Re: [PATCH v4 2/2] arm64: io: apply the device store-release workaround once per block write
From: Will Deacon
Date: Tue Jun 30 2026 - 10:24:12 EST
On Mon, Jun 29, 2026 at 06:09:11PM -0500, Shanker Donthineni wrote:
> On 6/29/2026 5:48 AM, Vladimir Murzin wrote:
> > > + : "memory");
> > > + src += sizeof(u64);
> > > + dst += sizeof(u64);
> > > + count -= sizeof(u64);
> > > + }
> > > + while (count) {
> > > + asm volatile("strb %w0, [%1]"
> > > + : : "rZ"(*(const u8 *)src), "r"(dst) : "memory");
> > > + src++;
> > > + dst++;
> > > + count--;
> > > + }
> > > +
> > > + iomem_block_store_barrier();
> > It is perhaps a matter of taste, but having the inline assembly
> > here (and in memset_io()) might make the code clearer. To a
> > casual reader, it would be obvious that the barrier is not
> > guaranteed and is only applicable to ARM64_WORKAROUND_DEVICE_STORE_RELEASE,
> > without having to jump back and forth through the code.
> >
> > Obliviously maintainers might have different preference ;)

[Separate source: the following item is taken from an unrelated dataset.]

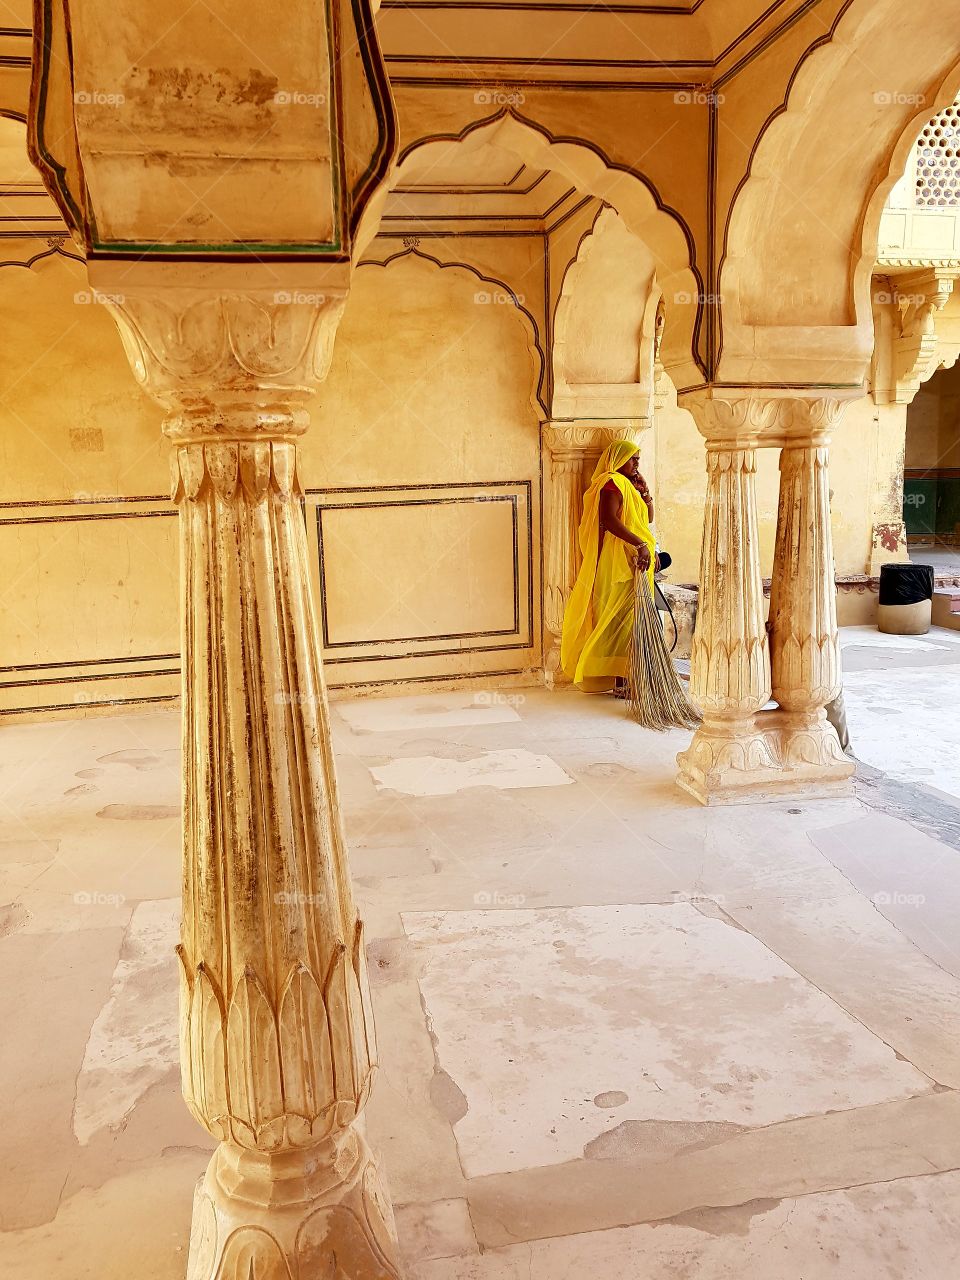 amber fort cleaner

Oblivious maintainer here :)
> Regarding the barrier, iomem_block_store_barrier() is declared
> static __always_inline, so it does not add a function call. The nop/dmb
> osh alternative is emitted directly in each caller. I used the helper to
> avoid duplicating the alternative sequence.
>
> I understand that placing the assembly directly in both functions could
> make its conditional nature more obvious. I do not have a strong preference
> and am happy to follow Will’s and Catalin’s preference here.
I agree with Vladimir that it would be clearer to inline the conditional
barrier.
It would be even better if we could avoid having to duplicate this code
to start with, but I can't immediately think of a better alternative.
Will